Issue was joined by the filing of a reply, the cause was tried by the court, judgment for the amount claimed was rendered against the defendant, and the attached real estate was ordered sold. The cause was taken to the supreme court of Kansas, and that court dismissed the petition in error because of an informality in the proceedings and without passing on the merits, 61 Kan. 857, 58 Pac. 961. After the mandate had been filed in the lower court separate motions were made on behalf of defendant, to set aside the judgment and to withdraw the order for the sale of the attached property. The same grounds were assigned in support of each motion, and the claim of the protection of the Constitution of the United States was embodied in the third ground, by the assertion that a statute of Kansas, upon which the judgment complained of was based violated the 1st and 2d sections of the 4th article of, and the provisions of, the 14th Amendment to the Constitution of the United States. The motions were overruled, and the 'decision and judgment' was subsequently affirmed by the supreme court of Kansas. 62 Kan. 553, 64 Pac. 28. By writ of error the cause was then brought to this court. The original defendant in error having died, Anna O. Park has been substituted as defendant in error.

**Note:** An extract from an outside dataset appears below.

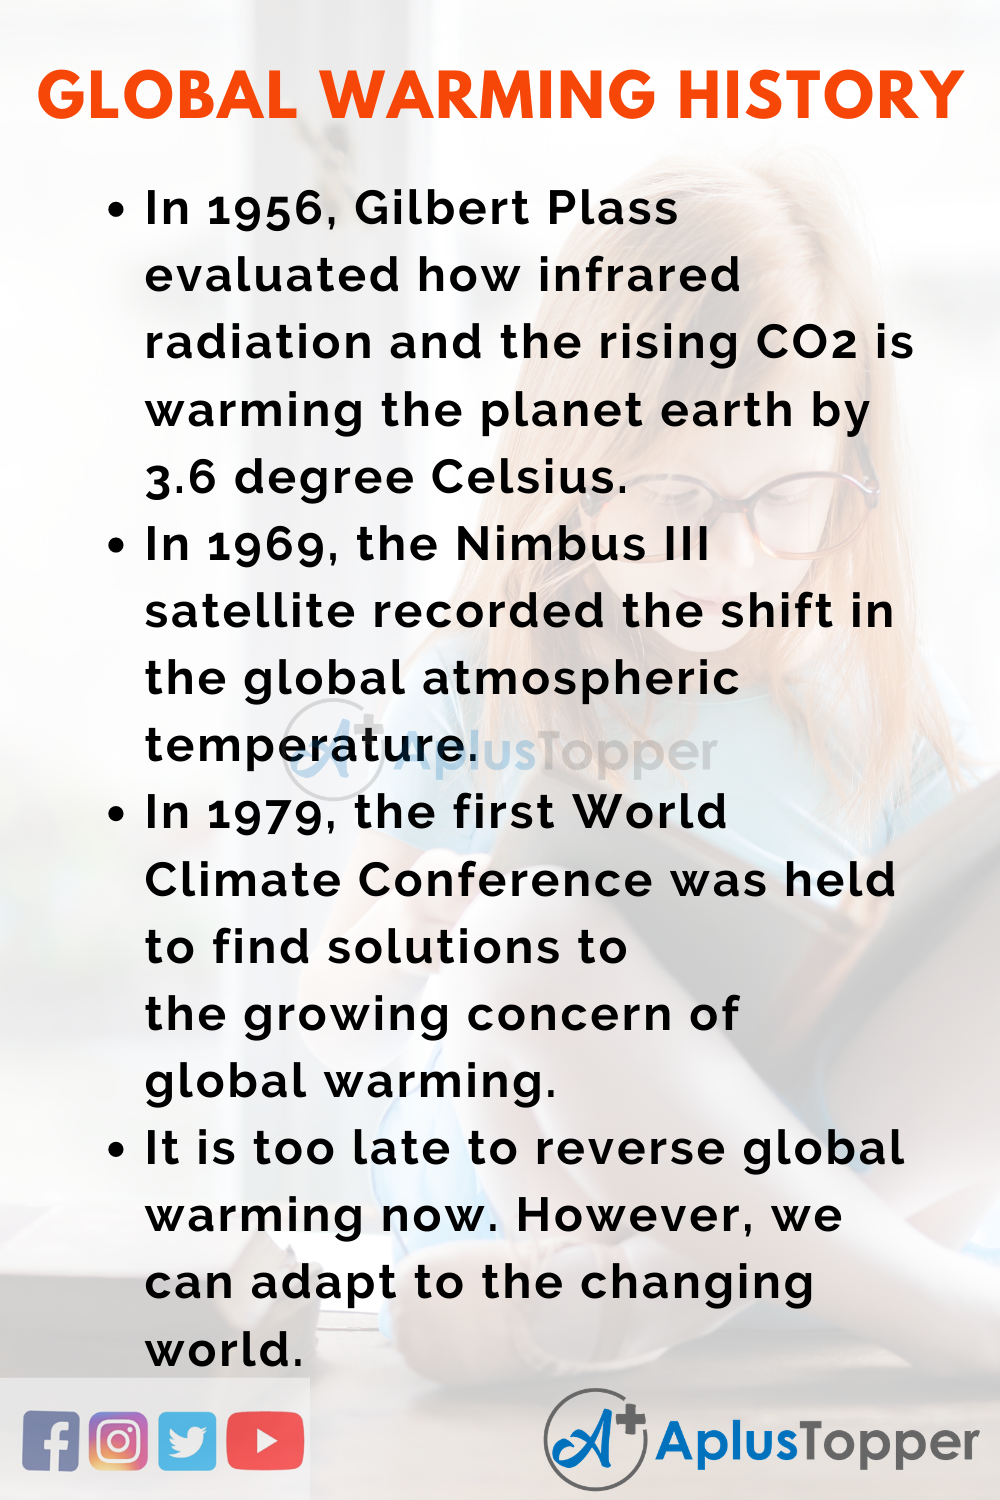 effects of global warming essay pdf

Messrs. L. F. Bird and C. F. Hutchings for plaintiff in error. [187 U.S. 547, 550] Messrs. James F. Tufts, Horace M. Jackson, and Messrs. Jackson & Jackson for defendant in error.
Mr. Justice White, after making the foregoing statement, delivered the opinion of the court:
A motion has been made to dismiss the writ of error upon the ground that no Federal question is presented by the record, it being claimed that the decision and judgment of the supreme court of Kansas sought to be reviewed was based solely upon a consideration of local statutes and the determination of a question of general law, viz., the effect as res judicata of a judgment of a court of Kansas. But as the claim of the benefit of the Constitution of the United States was specially made in the motions, and was passed upon adversely to the moving party, it follows that a Federal question exists in this record, and the motion to dismiss in therefore overruled. Missouri, K. & T. R. Co. v. Elliott, 184 U.S. 534 , 46 L. ed. 676, 22 Sup. Ct. Rep. 446.

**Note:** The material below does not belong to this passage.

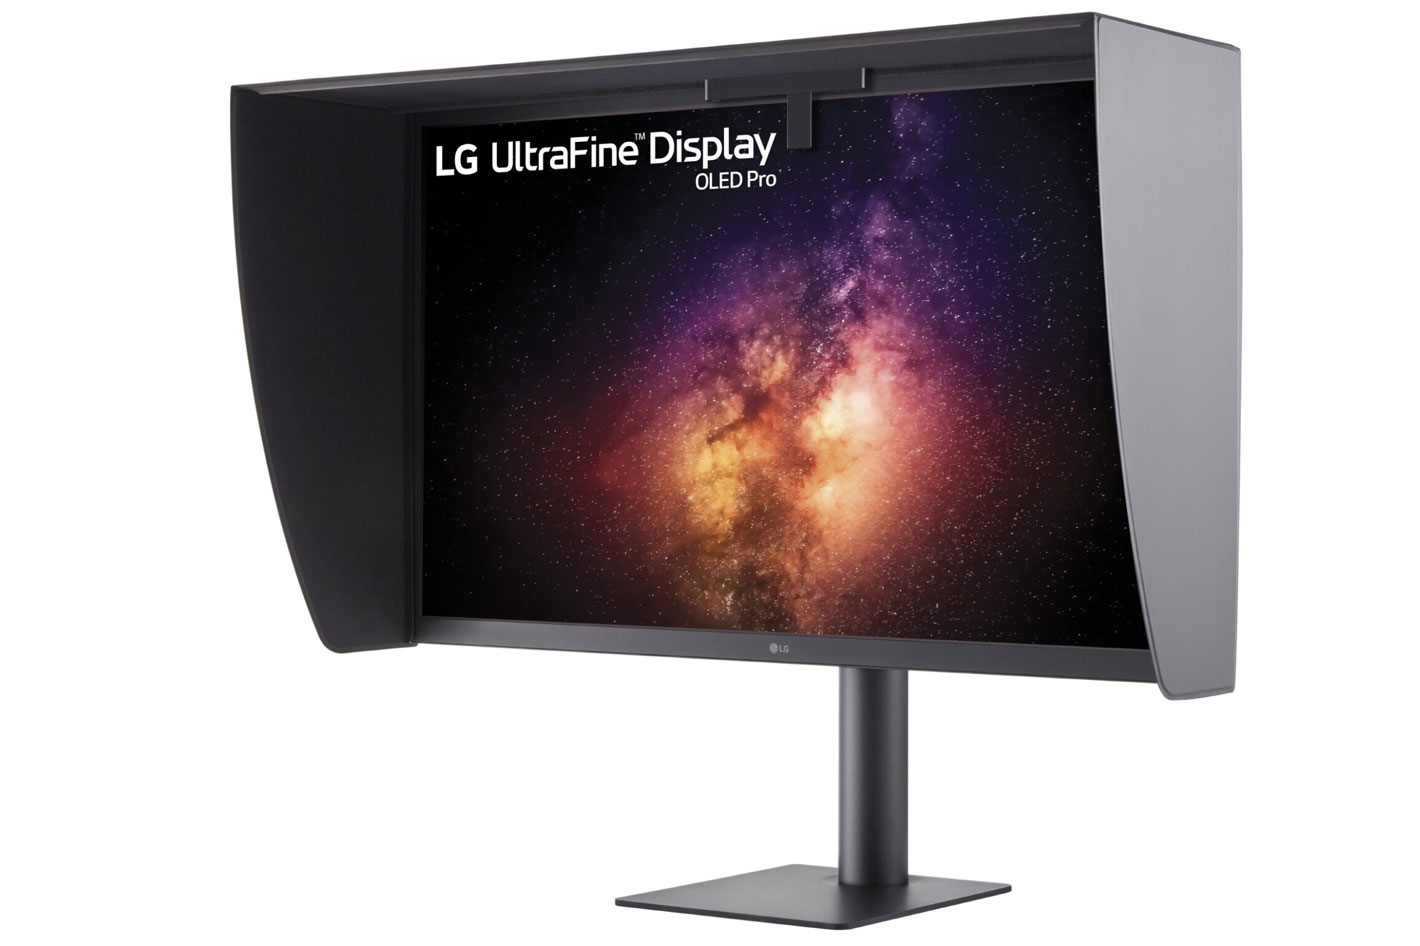 New LG UltraFine OLED Pro monitors for video editors

The specifications of error now relied upon are thus stated in the brief of counsel for plaintiff in error:
The first and second propositions, it is manifest, simply invite a consideration of the Constitution and laws of the state of Kansas; and, consequently, the construction adopted by the supreme court of Kansas of the pertinent provisions of such Constitution and laws, is binding upon this court as a decision upon a matter of purely local law, not presenting a Federal question. We must accept, then, as undeniable the ruling of the highest court of Kansas, that under the Constitution and statutes of Kansas real estate situated in that state, the title to which was vested in a nonresident executor, to whom letters testamentary had been issued by a court of another jurisdiction, might be attached and sold, in an action of debt against the nonresident executor.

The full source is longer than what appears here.